I have asked a city council member to check into it and they said they would get back to me by tomorrow. I'll let you know what they say.


----------



## outdoorser (Jan 14, 2013)

Whoops my bad, I meant west.


----------



## Bears Butt (Sep 12, 2007)

Chances are it just means no fishing around the boat launch.


----------



## Greenhead_Slayer (Oct 16, 2007)

Bears Butt said:


> Chances are it just means no fishing around the boat launch.


This is correct. Robocop was famous for giving out tickets if you fished within a certain amount of feet from the docks. I once launched from my float tube on the east side and a crazy windstorm blew in and blew me across the reservoir to the west side and I was fishing along my way of getting blown in and was met by him as I got out of my tube and got a ticket for fishing too close to the docks.
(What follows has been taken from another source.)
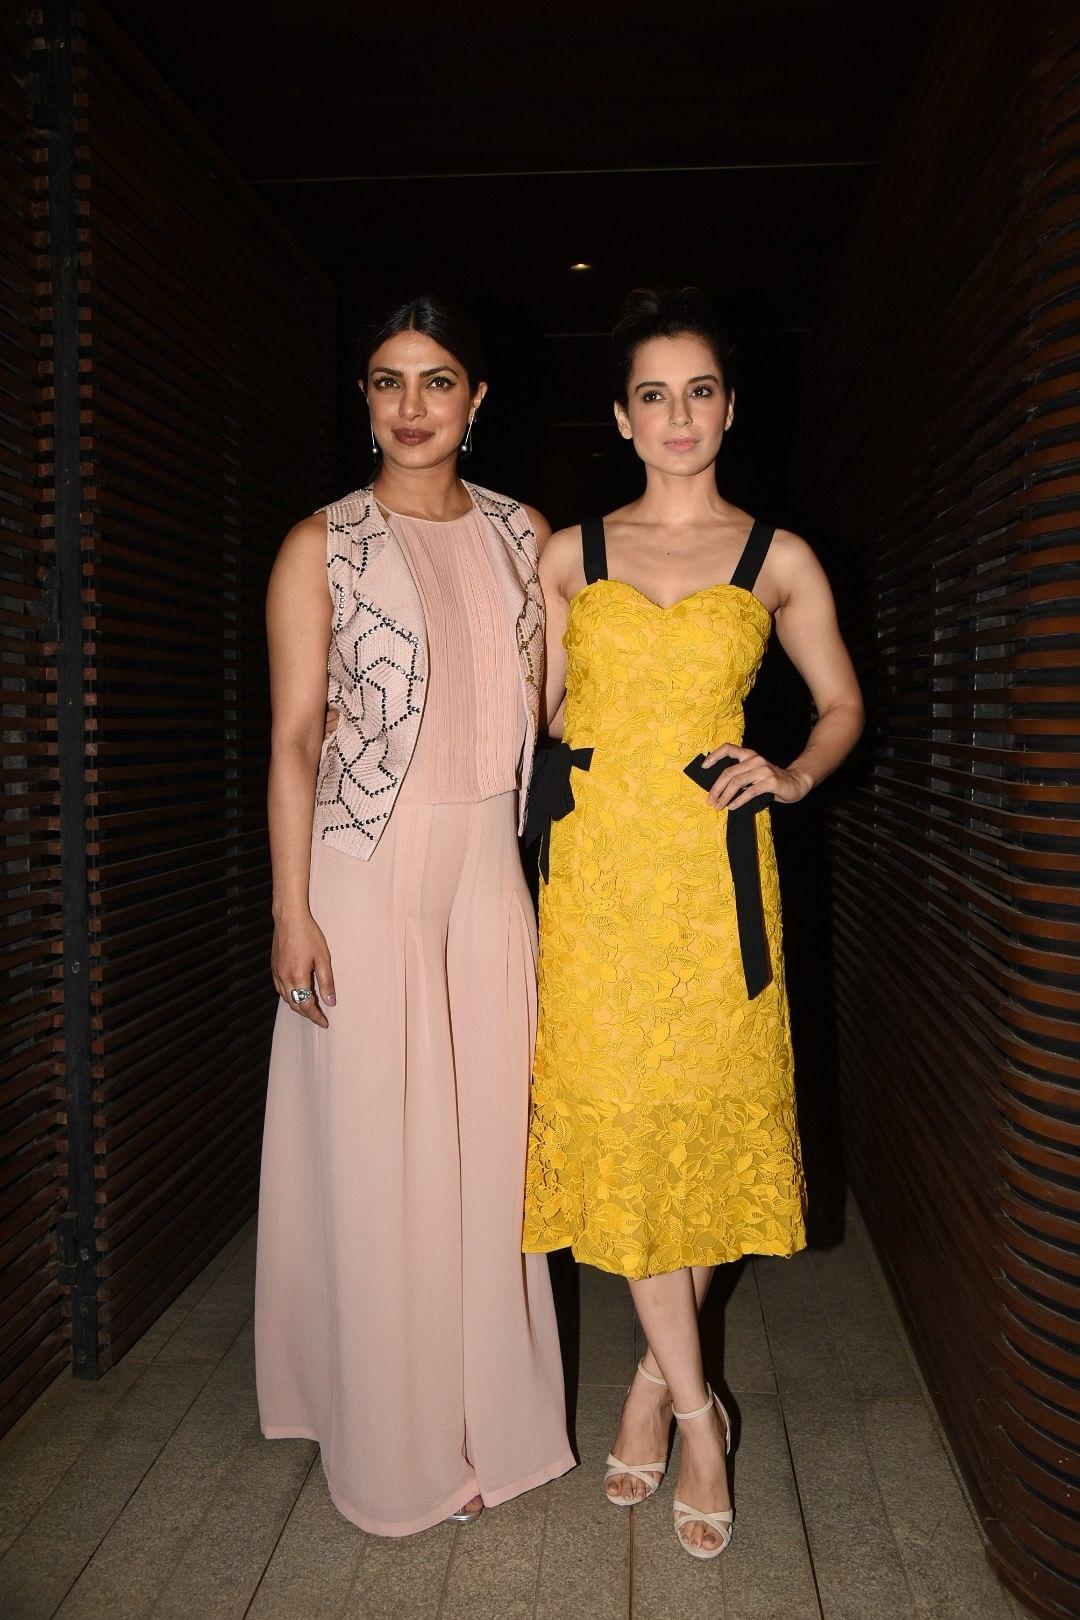 Priyanka and Kangana, standing tall together. (Photo: Yogen Shah)

I want to say it was something like 150 feet from the docks.


----------



## Mavis13 (Oct 29, 2007)

Robocop huh; we always called him Barney cuz he hides in the bushes.
He's sure given Mantua a bad name.
I don't know how he gets his shirt on with such a large cranium...


----------



## Greenhead_Slayer (Oct 16, 2007)

He is now retired


----------



## outdoorser (Jan 14, 2013)

Bears Butt said:


> Chances are it just means no fishing around the boat launch.


No no no. There has always been that sign right by the launch and dock saying"no fishing or swimming within x feet of" etc 
but these signs are new and they cover the entire west side.


----------